The perils of categorizing continuous variables
Many times, researchers will categorize continuous variables. For example, birth weight of human infants is often categorized as “low birth weight” vs. “normal”; sometimes it is “very low birth weight”, “low birth weight” and normal. The cutoff for low birth weight is usually 2.5 kg. IQ tests are categorized with labels such as “gifted”. Depression tests are categorized. And so on. This rarely makes sense, either statistically or substantively.From a statistical point of view, categorizing a continuous (or nearly continuous) variable throws away information, leading (nearly always) to less power. It also assumes that we have any cutoff exactly right.
Substantively, it invokes “magical thinking” – that is, that something huge happens at the cutoff. E.g., with the birth weight example, a baby of 2.49 kg is treated as being very different than one of 2.51 kg, but very like one of 1.51 kg (if there is a 3rd category of “very low birth weight”). There’s no biological reason to think this happens. Substantive experts sometimes argue for cutoffs because they aid diagnosis and treatment, but this is only true if diagnosis is based on only one symptom and if treatment is dichotomous. This may sometimes be the case, but it is rare. Neonates are not diagnosed based solely on weight (there is also APGAR score, length of pregnancy and other factors) and treatment is not dichotomous. It is true that a baby will either be in intensive care or not. But, even if not in the NICU, hospital staff can be informed that a baby is at some risk. Babies can stay longer (or shorter) times in the hospital. New parents can be given varied advice, and so on.
Another example is depression. We can diagnose depression based on psychological tests such as the Beck Depression Inventory. But categorizing people still doesn’t make that much sense. People range on depression along a continuum. Treatment also varies. Neither psychotherapy nor drug treatment are dichotomous. Therapy can be more or less frequent. Dosages of drugs can be higher or lower. Nor should we diagnose depression based solely on the scores on one test – not when other symptoms are available.
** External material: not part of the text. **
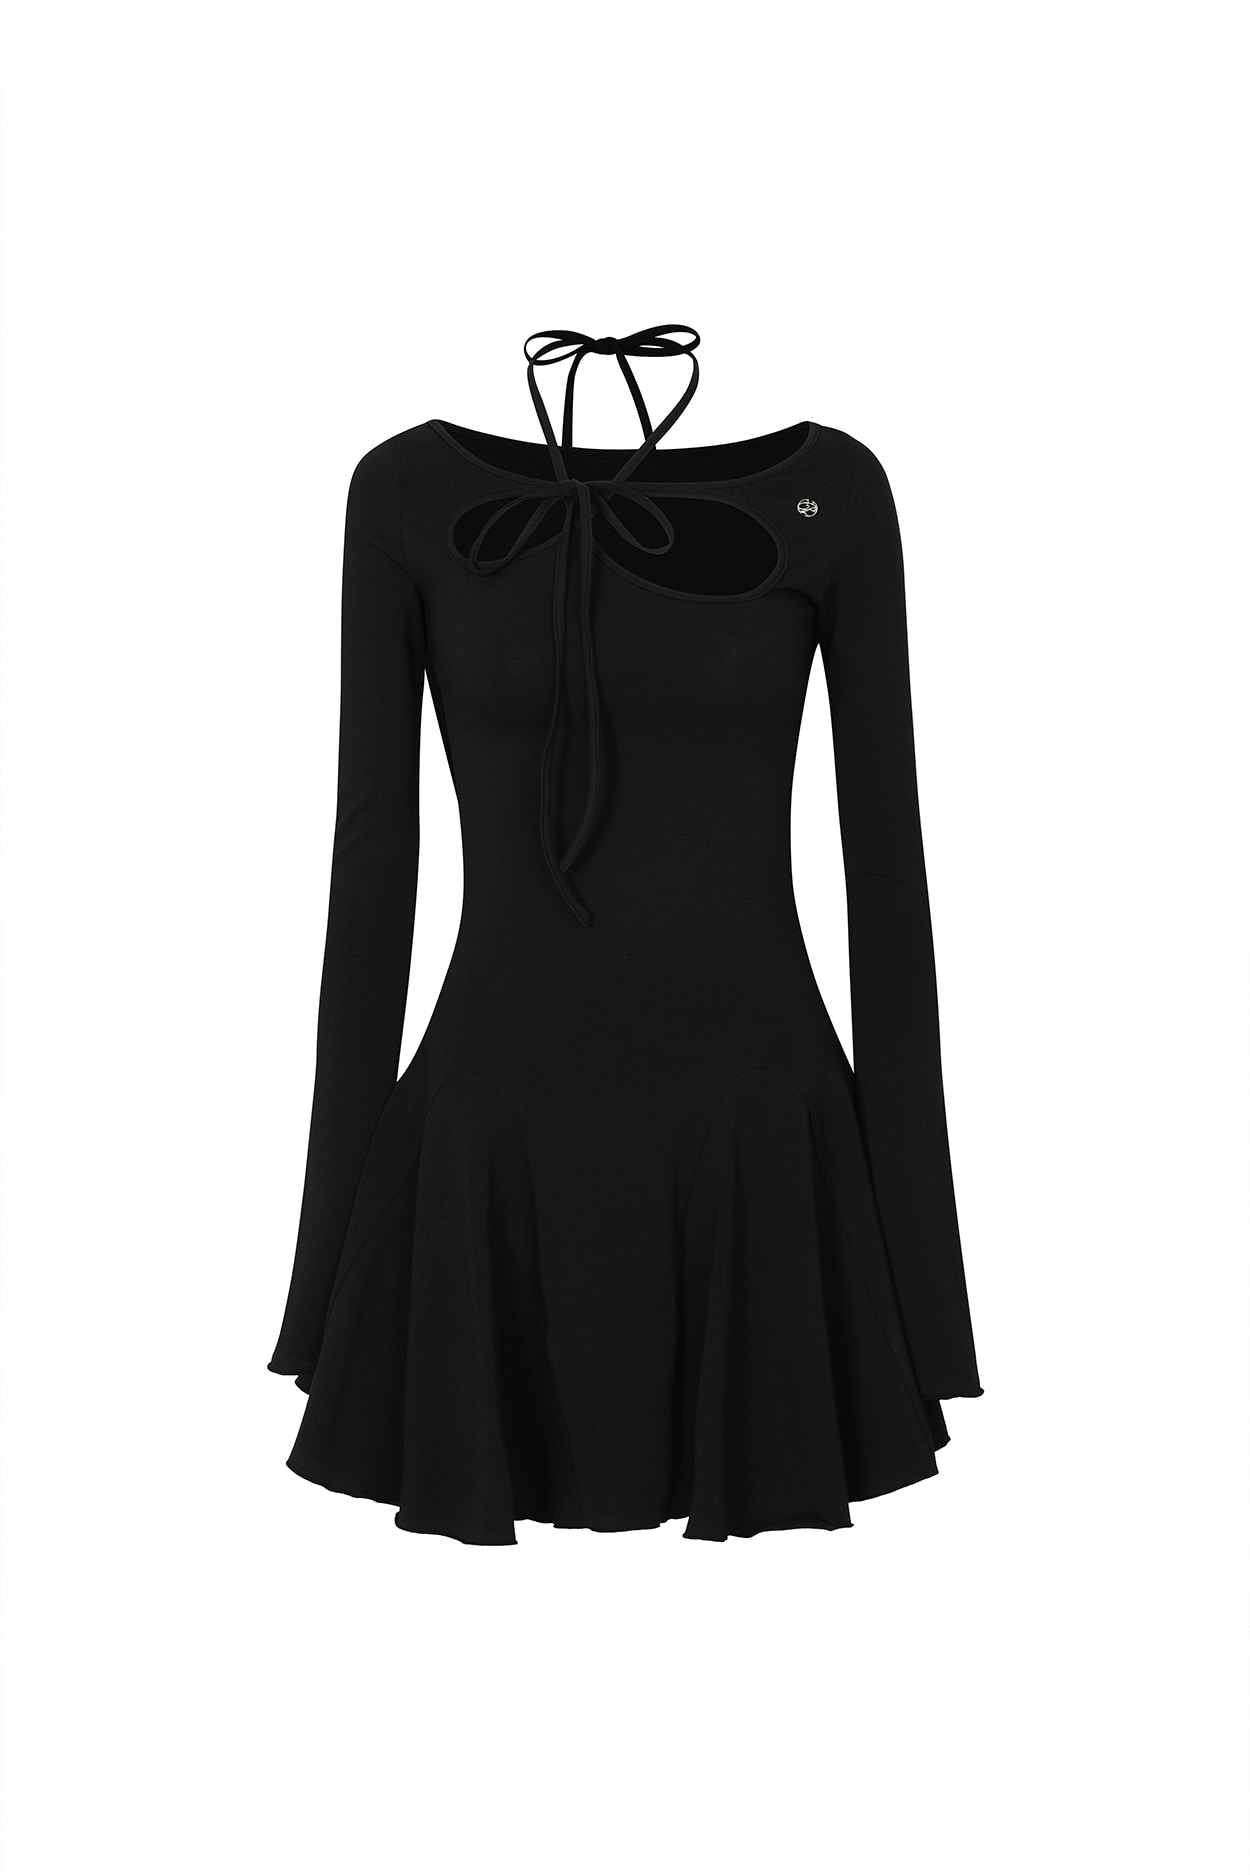 [3/28~] ORCHID DRESS black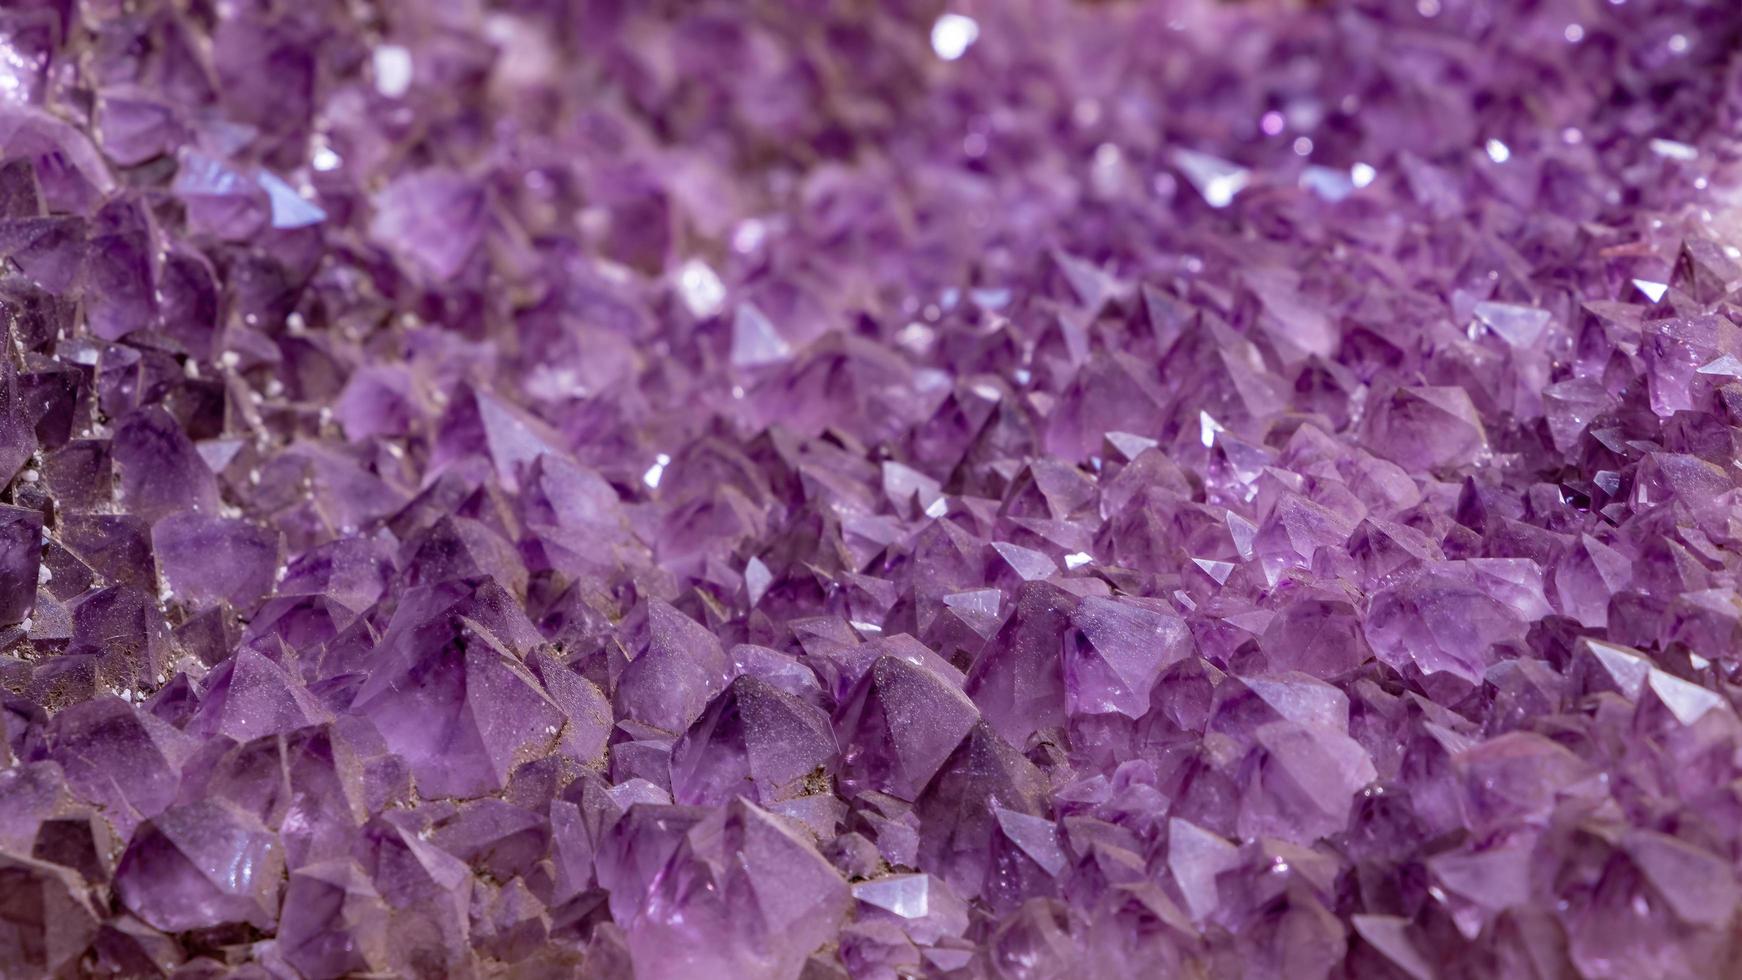 goiania, goias, brasil, 2019 - gran bloque de cristales púrpuras foto

So, does categorization ever make sense? Yes. There may be some situations where treatment really is dichotomous (although it is surprisingly difficult to think of them). In addition, sometimes there really is a big gap. For example, if looking at consumption of alcohol among teens and young adults, the age where drinking becomes legal would be key. Even here, though, there may be better models, such as spline regression.
I totally agree with your conclusion. I wrote a similar blog ’9. Dichotomization as the Devil’s Tool’ at http://www.AllenFleishmanBiostatistics. In it, I pointed out that at the BEST, one would need to increase N by at least 60% to compensate for the loss of information. Under more realistic assumptions (i.e., not dichotomization at the median) the N would need to increase by a factor of 4.
Another consideration is that dichotomized data assumes very large N. Finally, many common design elements (covariates, strata, interactions) are not easily tested by analyses of dichotomous data.
Thanks Allen. I will check out your blog.